Preventive procedures
Preventive procedures start with cleaning and polishing. Parents should maintain the child’s oral hygiene. For infants and toddlers, cleaning the oral cavity starts with gum pads, using wet gauzes. If the child feeds on the bottle or suckles, water should be provided before placing on the bed. Proper brushing techniques should be installed according to the age of the child. Fluoride supplementation can help in preventing the occurrence of new disease.
According to the American Academy of Pediatric Dentistry (AAPD) guidelines, infants should be weaned from the bottle at 12-14 months of age. AAPD guidelines for preventing nursing bottle caries are:

– Do not put your baby to bed with a   bottle at night or at nap time.  During  sleep the flow of saliva decreases so  it cannot ‘wash’ away the sugar.   Sleeping with a bottle or a cup also   allows these liquids to pool around   their teeth for long periods of time to  cause decay/cavities.

– If you must put them to bed with a   bottle fill it with water or give them a  clean pacifier.

– During the day do not give your baby  a bottle filled with sweet drinks to   use like a pacifier.

– Reduce frequent sugar consumption.

– Don’t add sugar to your baby’s food   to make it taste better.

– Do not dip a pacifier in anything   sweet like sugar or honey.

– By their 1st birthday teach them how   to drink from a cup.

– Drink fluorinated water or if your   water does not have fluoride ask your  dentist for vitamins with fluoride.
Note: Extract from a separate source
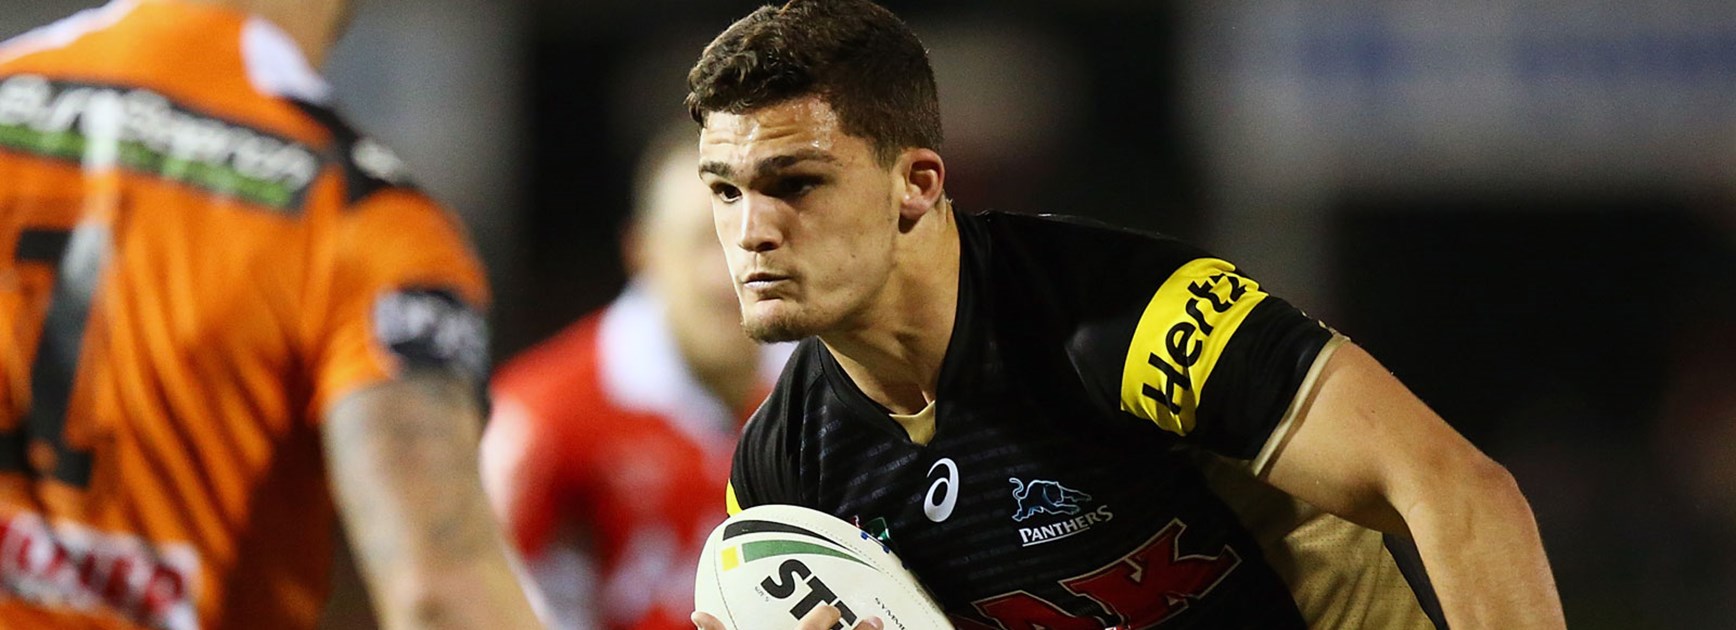 Panthers halfback Nathan Cleary against Wests Tigers in Round 24.

– Oral hygiene measures should be   implemented by the time of eruption  of the first primary tooth.

– An oral health consultation visit   within 6 months of eruption of the   first tooth, and no later than 12   months of age is recommended to   provide education for the parents   about the prevention of dental
 disease.

If you suspect that your child has a dental problem take them to see their dentist as soon as possible.